Table 3. Torsional natural frequencies (Hz) for different stacking sequences laminate
A previous study discussed the potential benefits of natural-synthetic fibre hybridisation and its implementation . This possibility makes once more these materials very attractive since it makes possible to obtain the desired torsional natural frequencies without increasing mass or changing geometry. This gives the designer one additional degree of freedom to design the laminate – the possibility to change fiber orientations in order to get more (or less) structure stiffness in torsion. Also, effects of boundary conditions on torsional natural frequencies are demonstrated.
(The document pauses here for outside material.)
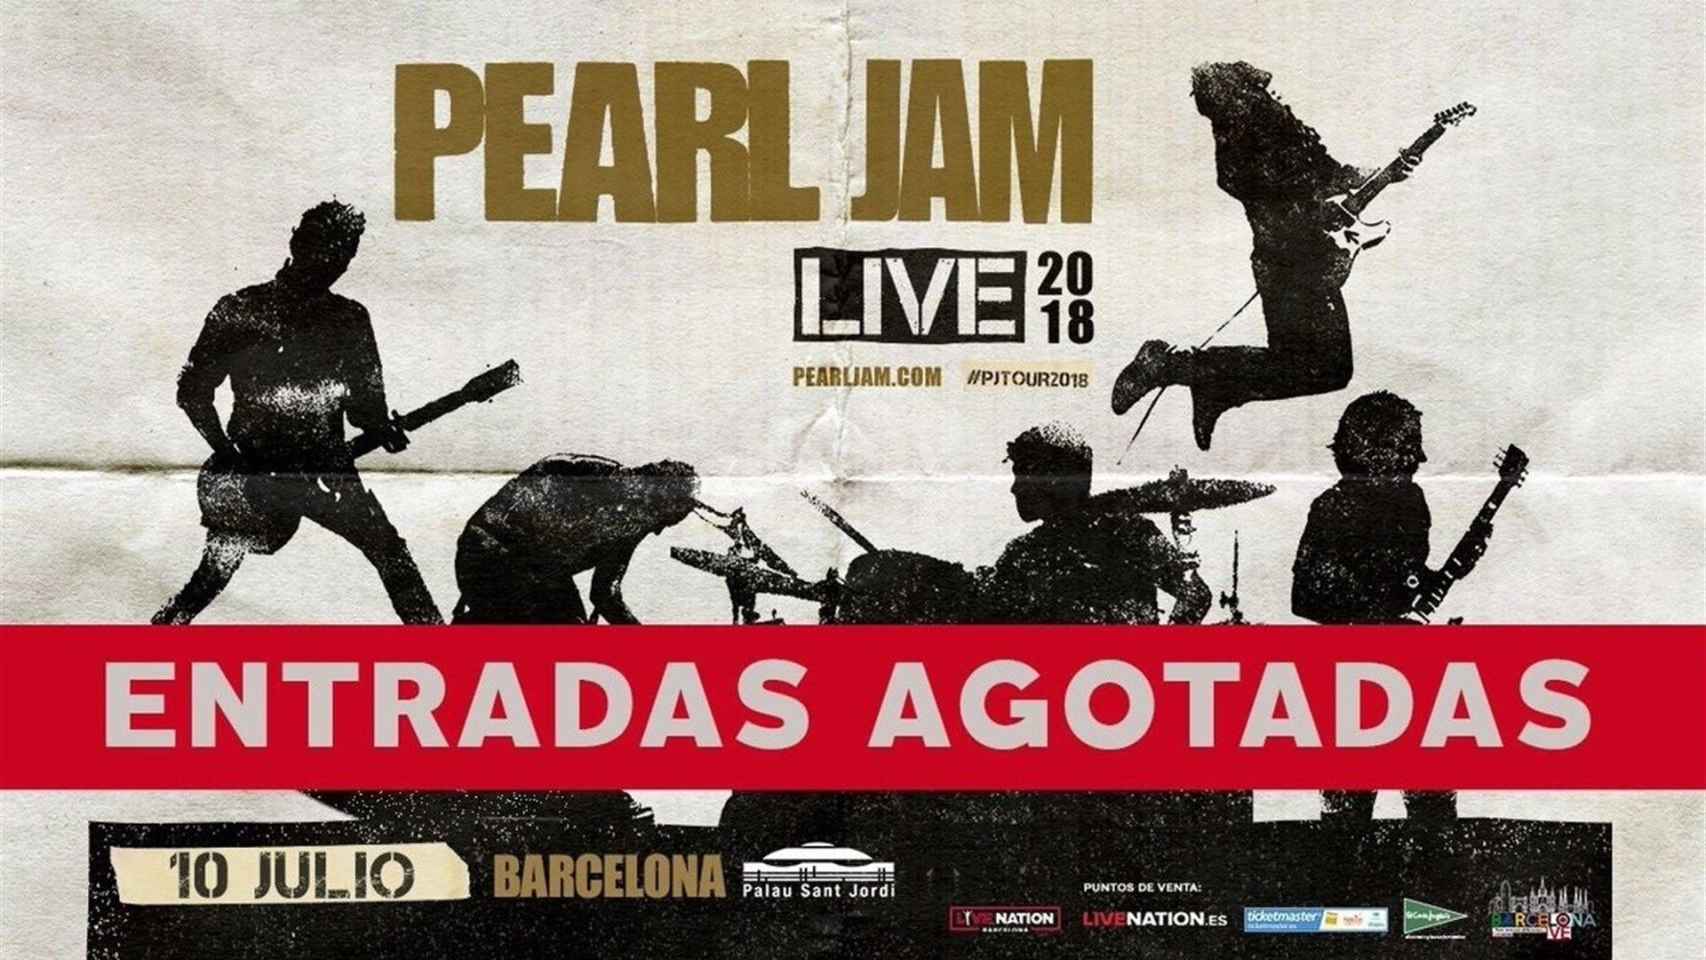 La banda de Seattle Pearl Jamp ha agotado sus entradas para el concierto de Barcelona en unas horas / EUROPA PRESS

Et al. used the dynamic stiffness analysis and the first-order shear deformation theory to study the free vibration of laminated beams. Abramovich and Livshits studied the free vibration of non symmetric Cross-ply laminated Composite Beams based on Timoshenko type equations. Investigated the free vibrations of axially loaded composite Timoshenko beams using the dynamic stiffness matrix method by developing an exact dynamic stiffness matrix of composite beams taking into account the effects of an axial force, shear deformation, and rotatory inertia. Free vibration analysis of laminated beams has been conducted by significant amount of research.